Retype the data below verbatim; pictures do not belong in the copy.

Dataset content →
== Segment start ==

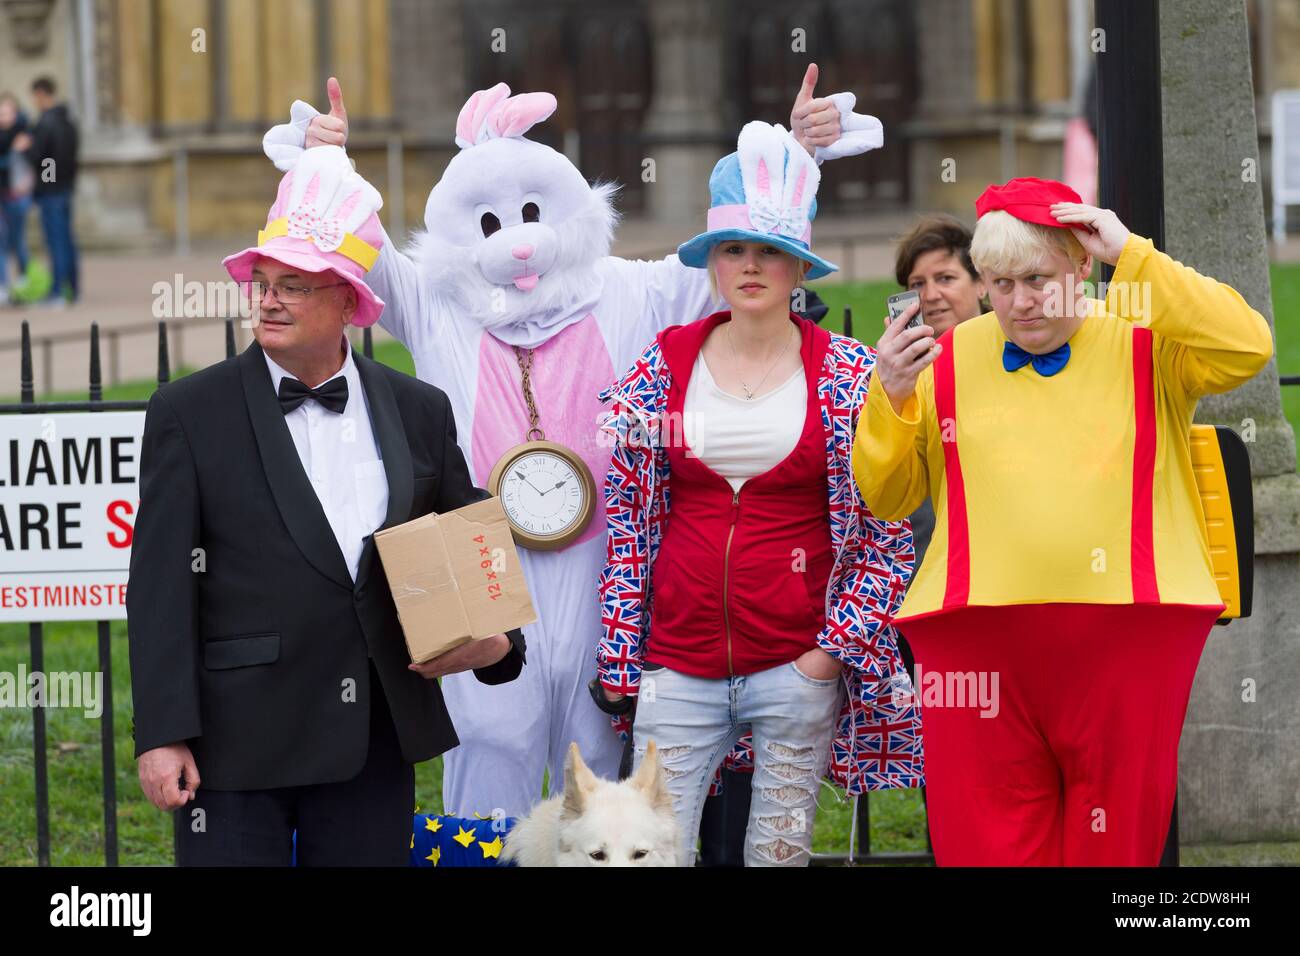 Les manifestants anti-Brexit s'habillent comme des personnages du livre Alice in Wonderland avec une robe Boris Johnson ressemblant à celle de Tweedledum, devant les chambres du Parlement, pour protester contre l'annonce d'aujourd'hui de l'article 50 START, le début officiel du processus de 2 ans pour que la Grande-Bretagne quitte l'Union européenne. Chambres du Parlement, Londres, Royaume-Uni. 29 mars 2017 Banque D'Images
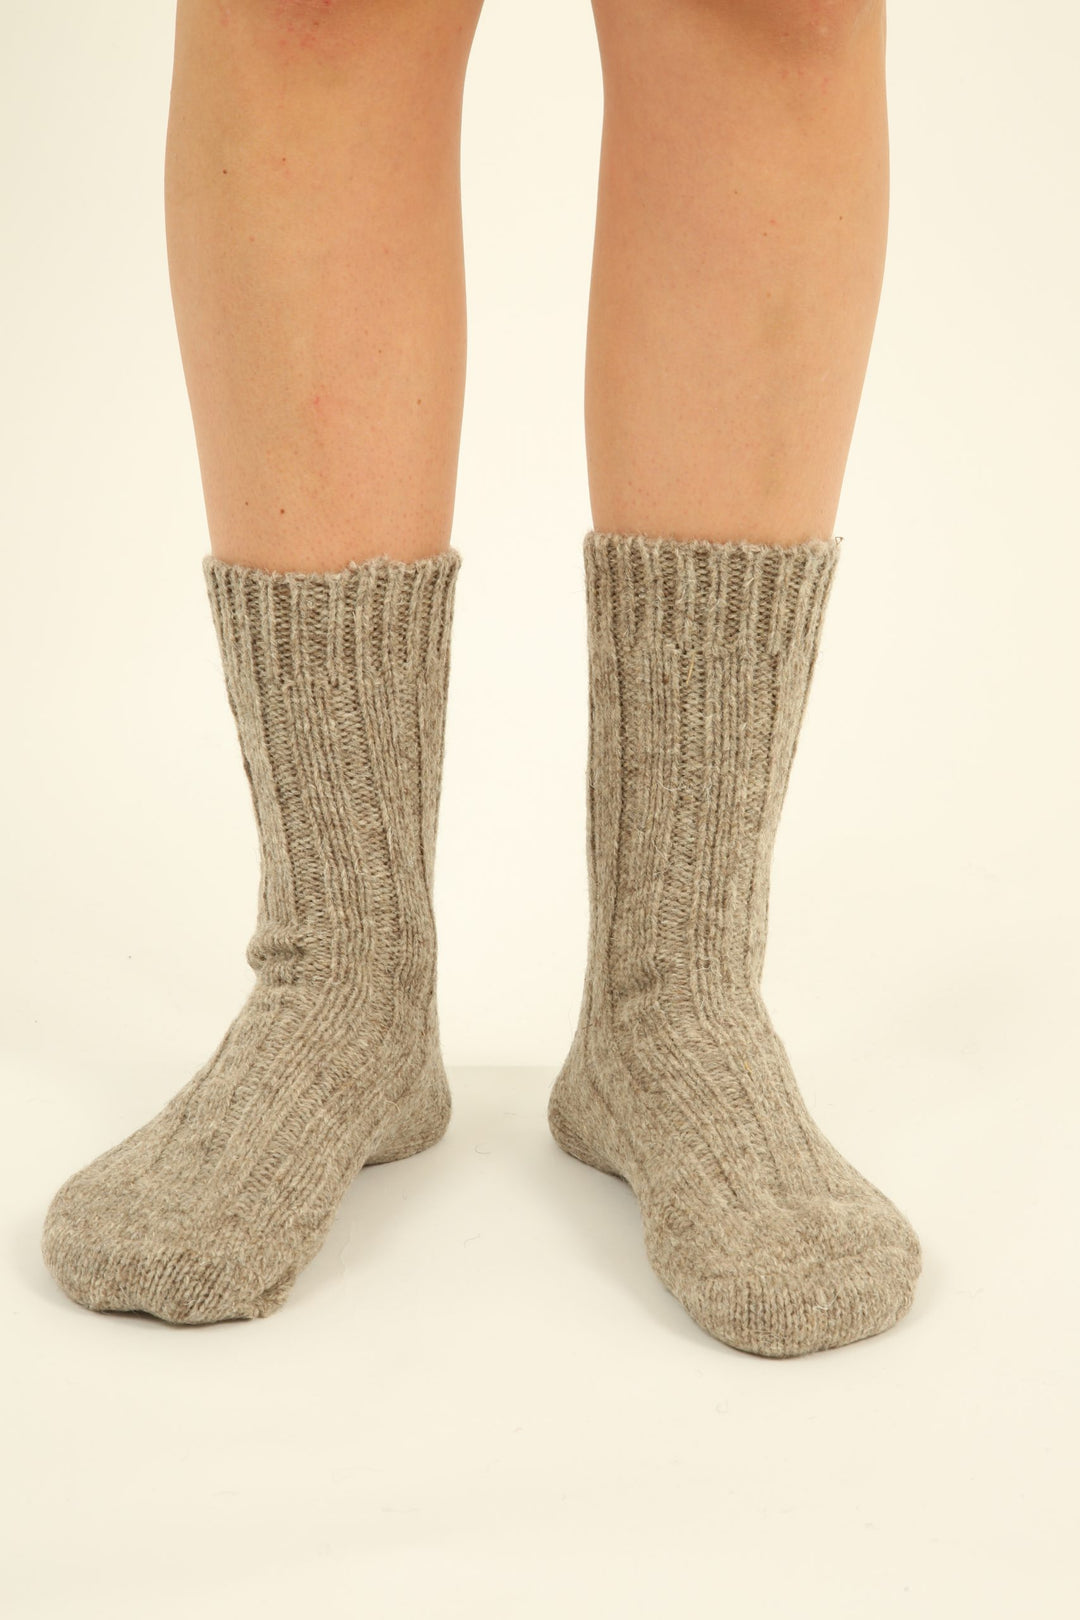 Socken aus 100% Schurwolle - hellbraun - hergestellt in Deutschland - 2 Paar
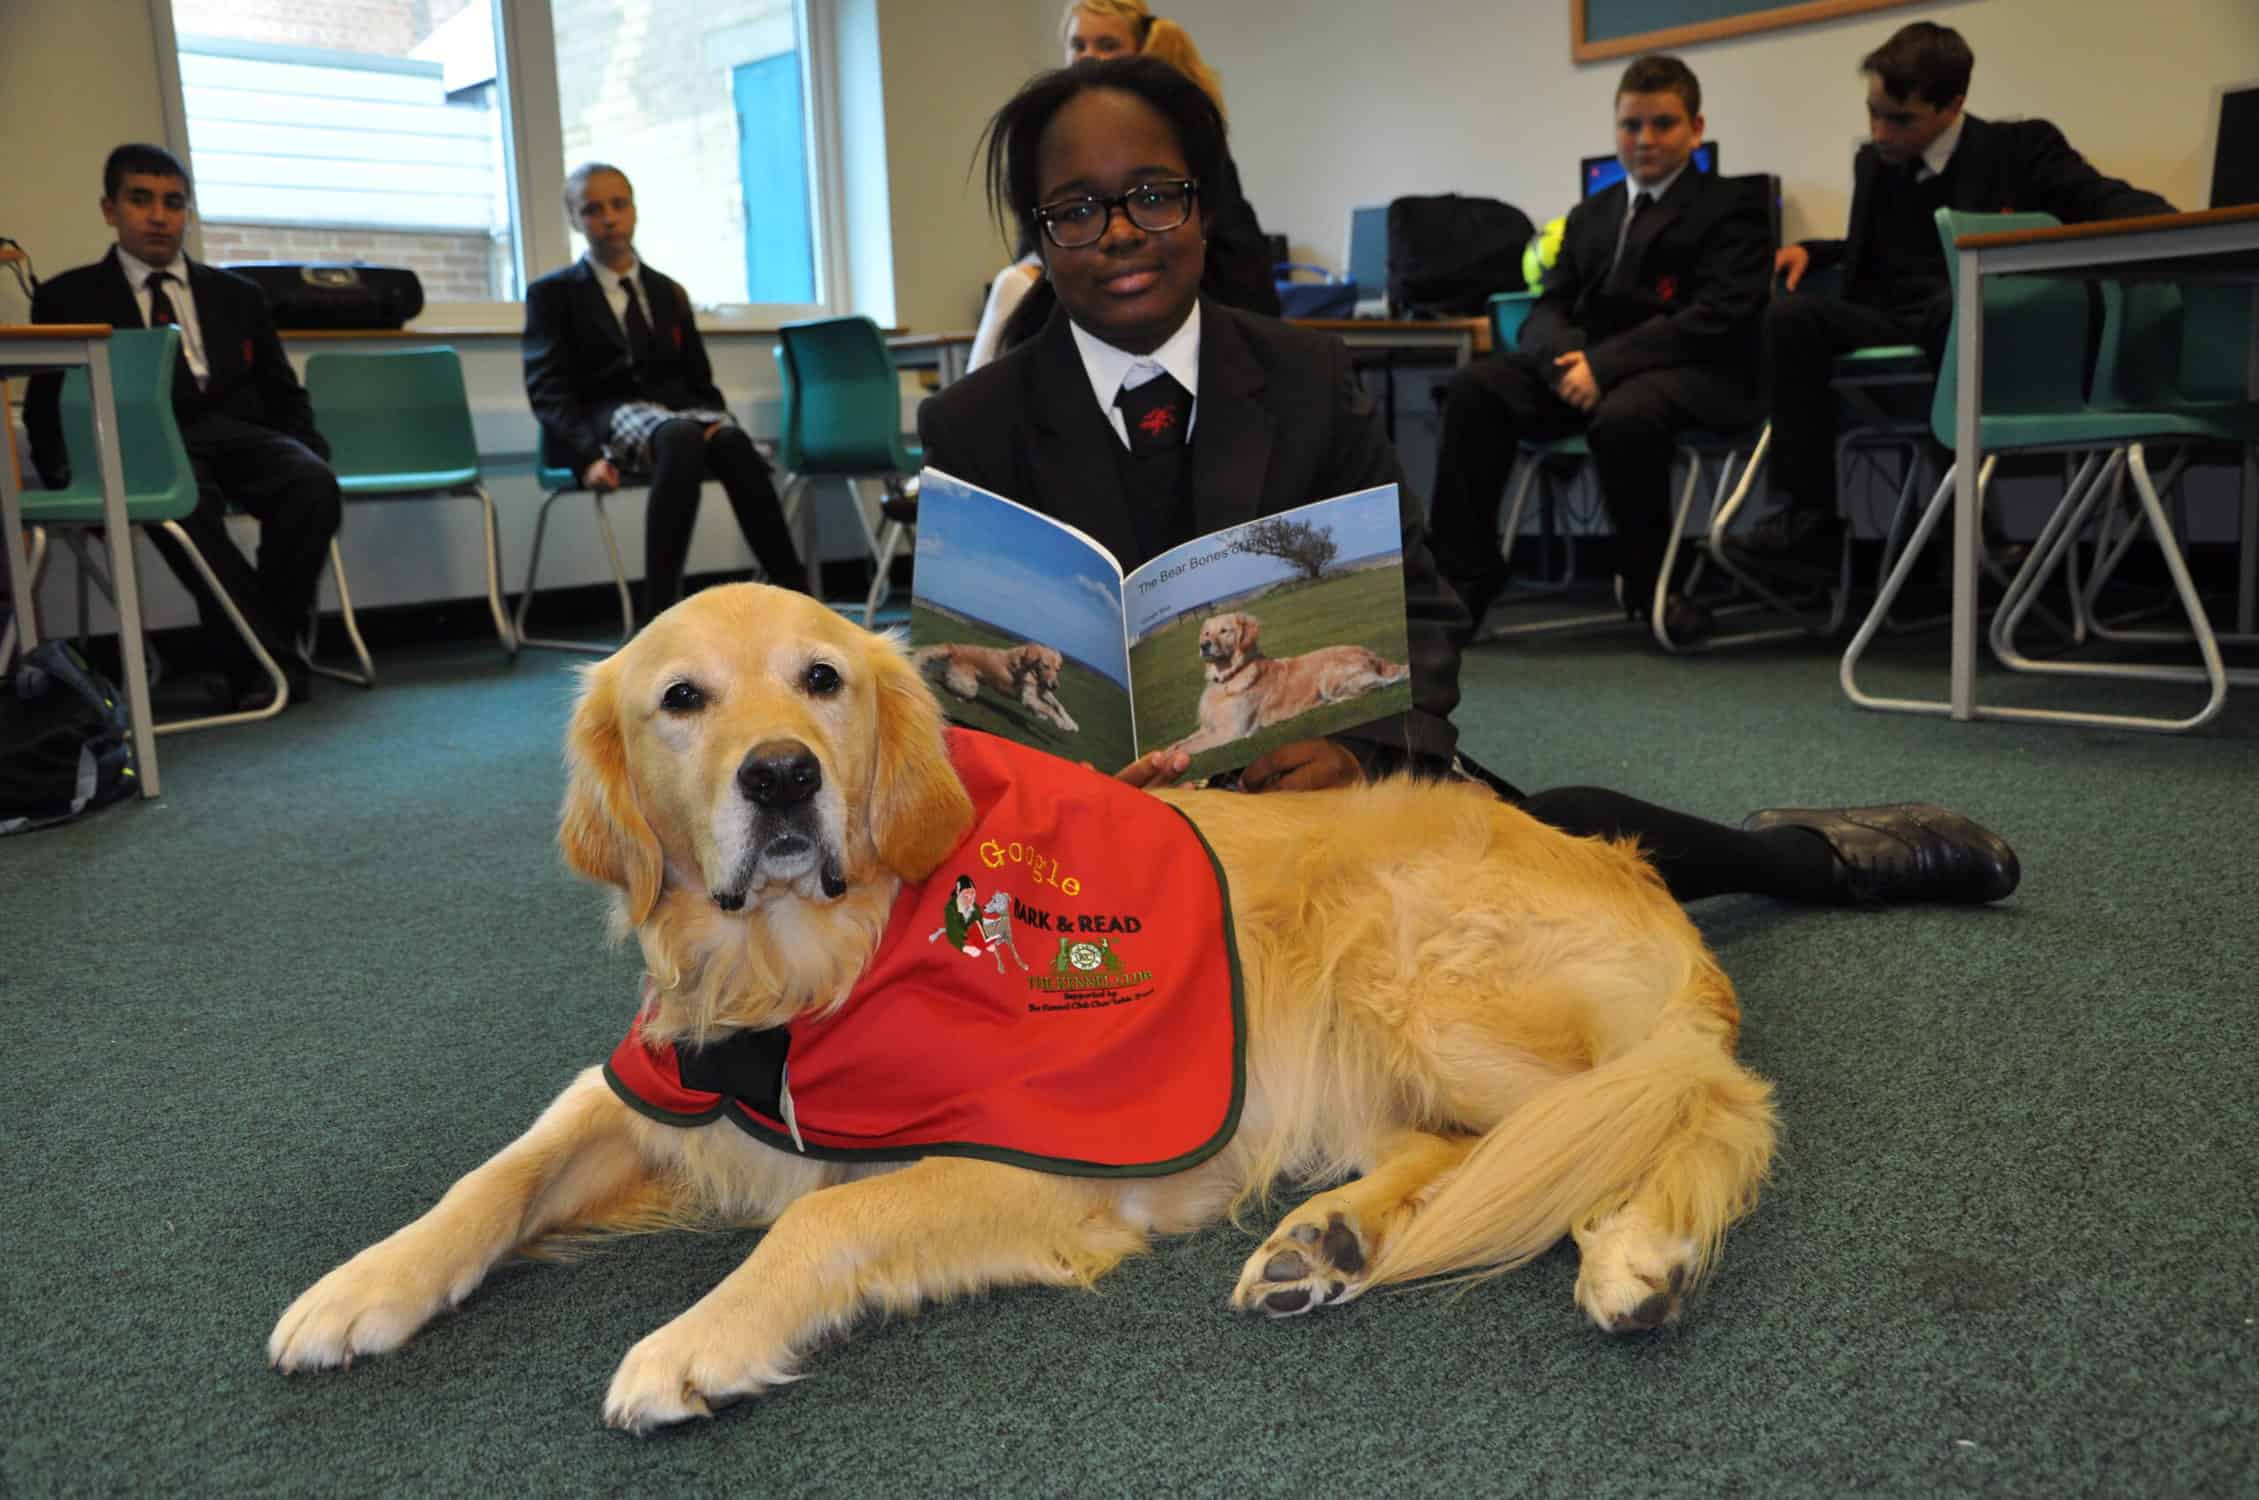 Lorsque les enfants lisent aux chiens, leur capacité de lecture et leur confiance en eux s'en trouvent renforcées. Le Kennel Club explique pourquoi il forme des chiens à la lecture dans les écoles afin d'améliorer l'alphabétisation des enfants.
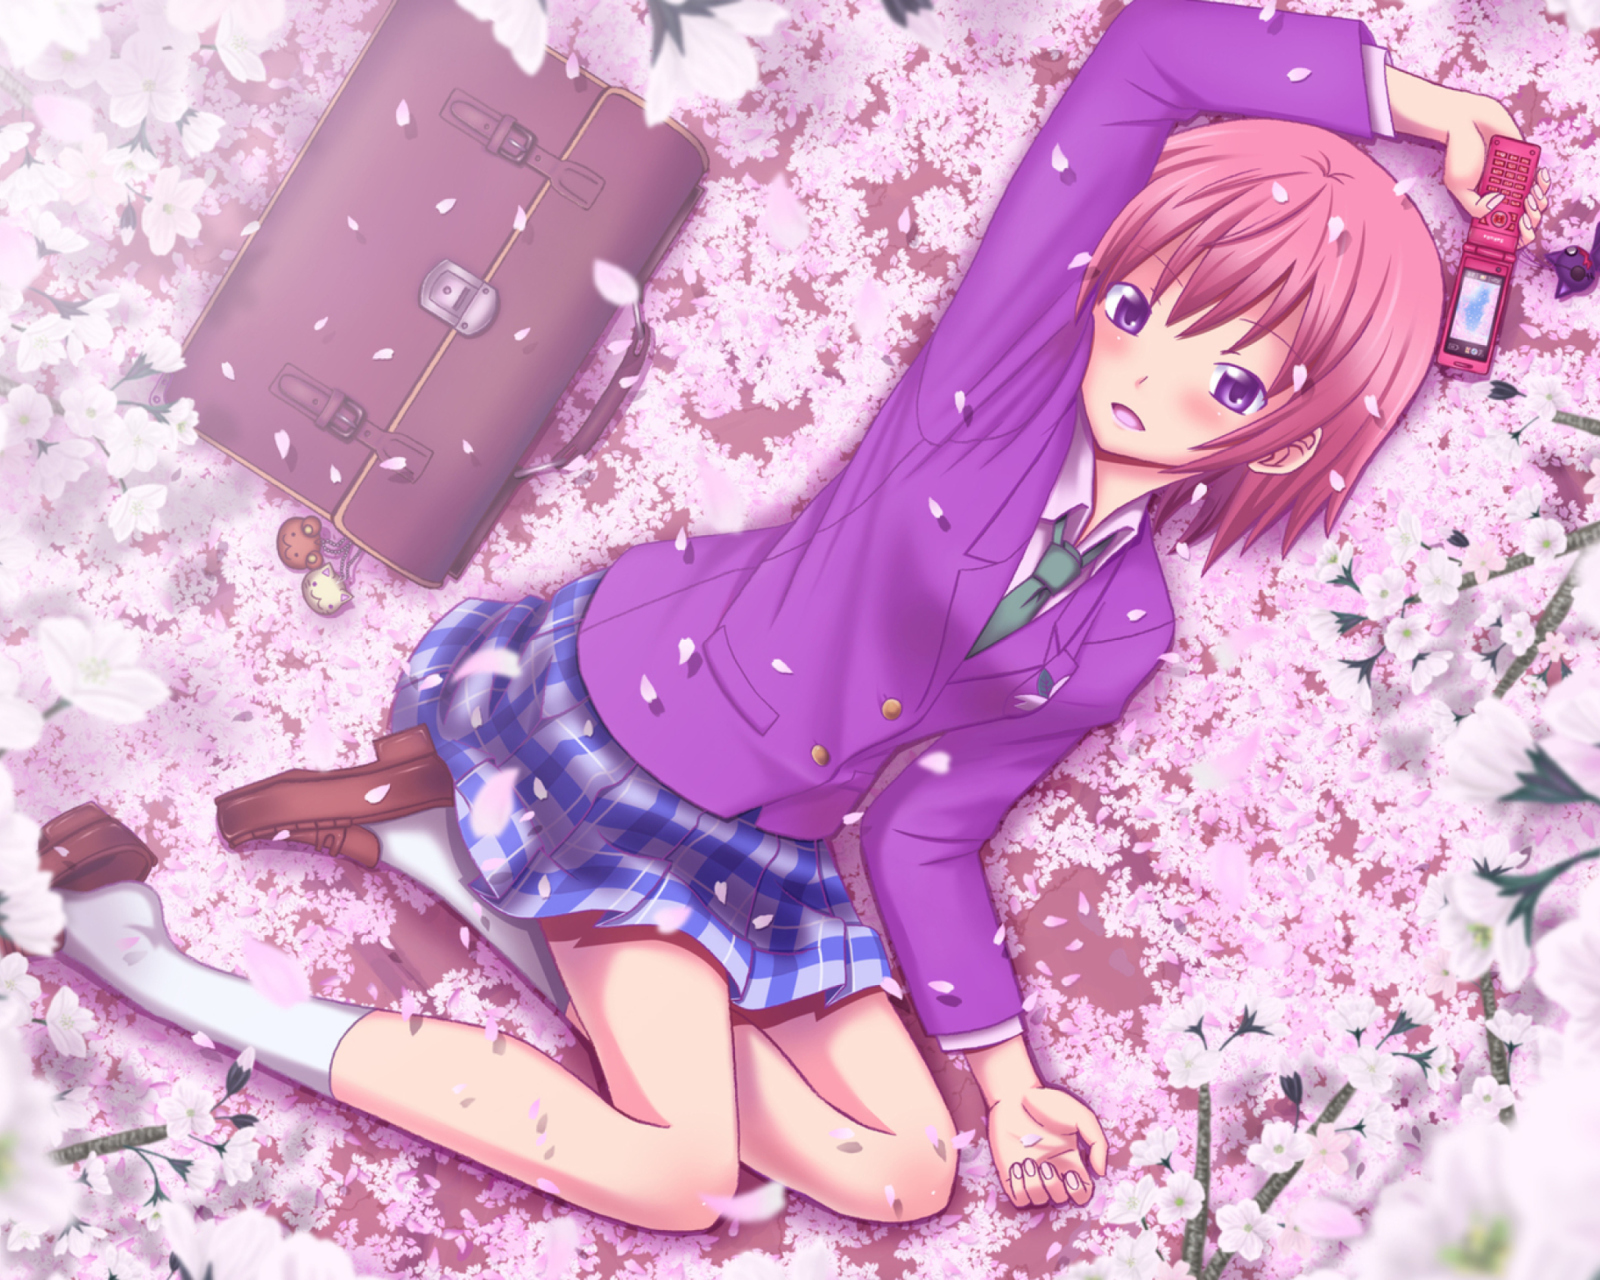 Das Anime Sakura Wallpaper 1600x1280

== Segment end ==

Completed exercise →
 Les manifestants anti-Brexit s'habillent comme des personnages du livre Alice in Wonderland avec une robe Boris Johnson ressemblant à celle de Tweedledum, devant les chambres du Parlement, pour protester contre l'annonce d'aujourd'hui de l'article 50 START, le début officiel du processus de 2 ans pour que la Grande-Bretagne quitte l'Union européenne. Chambres du Parlement, Londres, Royaume-Uni. 29 mars 2017 Banque D'Images
 Socken aus 100% Schurwolle - hellbraun - hergestellt in Deutschland - 2 Paar
 Lorsque les enfants lisent aux chiens, leur capacité de lecture et leur confiance en eux s'en trouvent renforcées. Le Kennel Club explique pourquoi il forme des chiens à la lecture dans les écoles afin d'améliorer l'alphabétisation des enfants.
 Das Anime Sakura Wallpaper 1600x1280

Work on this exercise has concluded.